Can I make this gluten-free?
Yes—use cornstarch instead of flour and gluten-free soy sauce.
Can I make it spicier?
Add more crushed red pepper flakes, sriracha, or even chili oil.
Final Thoughts
This Copycat Panda Express Orange Chicken captures everything you love about the original—crispy chicken, tangy-sweet sauce, and a hint of heat—but with fresher ingredients and customizable flavors. Whether you fry, pan-sear, or bake the chicken, this easy weeknight recipe delivers restaurant-quality results in less than an hour. Pair it with steamed rice, chow mein, or stir-fried veggies for a complete homemade takeout experience.
📖 Recipe
Panda Express Orange Chicken
Ingredients
For the Chicken
- 1 pound chicken breasts or thighs cut into irregular 1-inch cubes
- 1 –2 cups self-rising flour or substitute cornstarch for gluten-free
- 2 large eggs whisked
- 3 cups oil for deep frying (or enough to submerge chicken)

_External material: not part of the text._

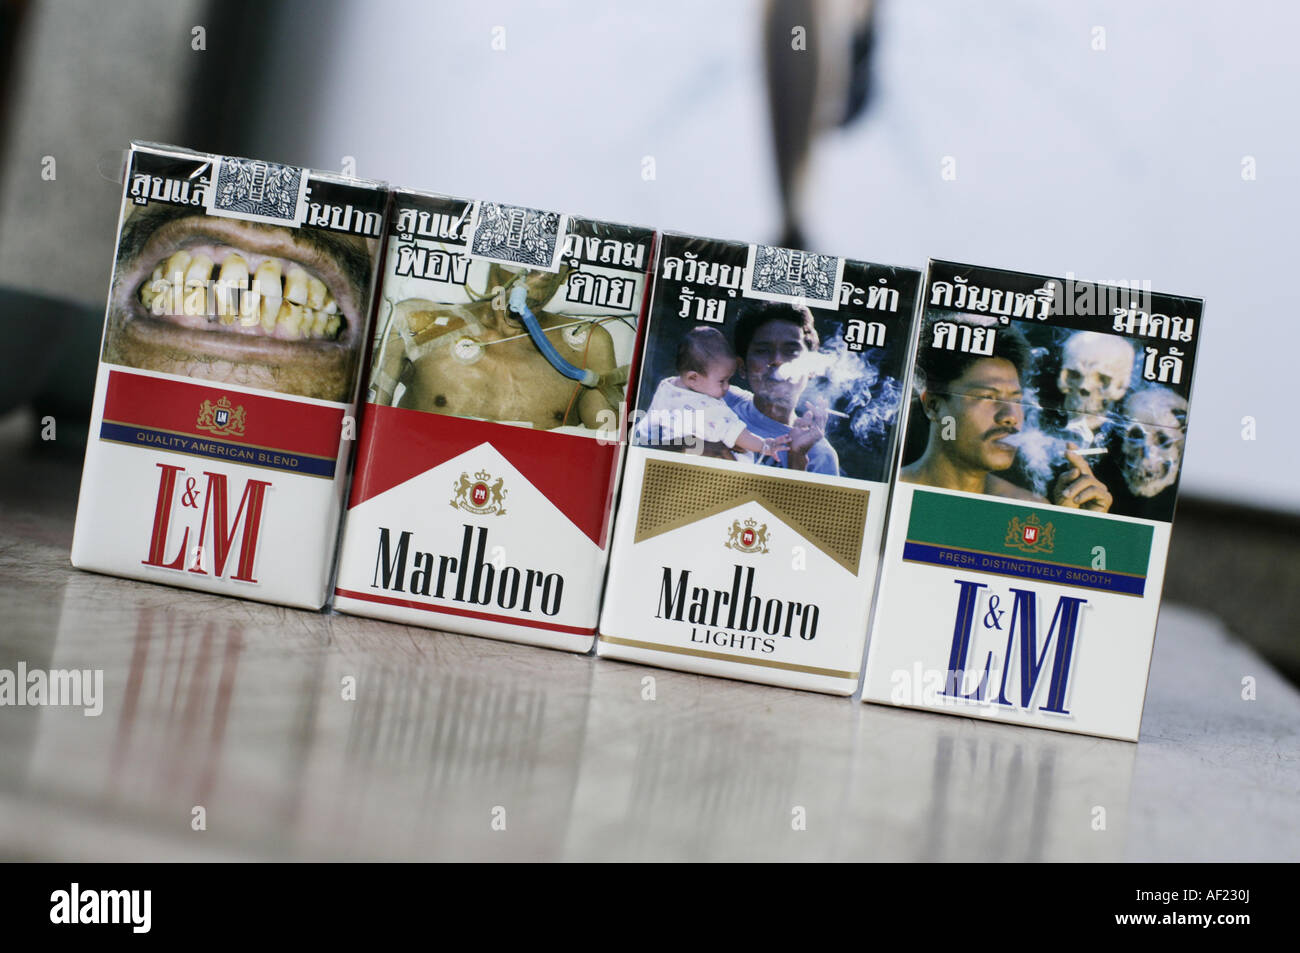 I pacchetti di sigarette con immagini di persone morte, malato di cancro, Foto Stock

For the Orange Chicken Sauce
- Juice of 1 large orange about ¾ cup
- ¼ teaspoon orange zest
- 2 tablespoons soy sauce
- 3 tablespoons granulated sugar
- 1 tablespoon brown sugar
- ¼ cup rice wine vinegar
- 1 teaspoon crushed red pepper flakes or ½ teaspoon sriracha; more to taste
- 1 clove garlic minced
- 2 teaspoons cornstarch
- ⅛ teaspoon ground ginger
Instructions
Prepare the Chicken
- Heat oil in a deep fryer or heavy pot to 375°F.
- Place whisked eggs in one bowl and flour (or cornstarch) in another.
- Dip chicken pieces into egg, then coat fully in flour.
- Fry chicken in batches for 3–5 minutes, until golden brown and cooked through (165°F internal temperature).
- Transfer cooked chicken to a wire rack or paper towels.
Make the Orange Sauce
- Combine orange juice, zest, soy sauce, sugars, vinegar, garlic, ginger, chili flakes/sriracha, and cornstarch in a saucepan.
- Whisk well to dissolve the cornstarch completely.
- Simmer over medium heat for 7 minutes until thickened and glossy.
Combine
- Add fried chicken to a large bowl.
- Pour hot orange sauce over the chicken.
- Toss gently to coat evenly.
- Serve immediately over rice, noodles, or vegetables.
Notes
Yes! Try these alternatives: Stir-Fry Method: Cook chicken in 1–2 tablespoons of oil until browned and cooked through. Baked Nuggets: Use homemade or store-bought; toss in sauce after baking. Grilled Chicken: A lighter, flavorful option. Can I make this gluten-free?
Yes—use cornstarch instead of flour and gluten-free soy sauce. Can I make it spicier?
Add more crushed red pepper flakes, sriracha, or even chili oil.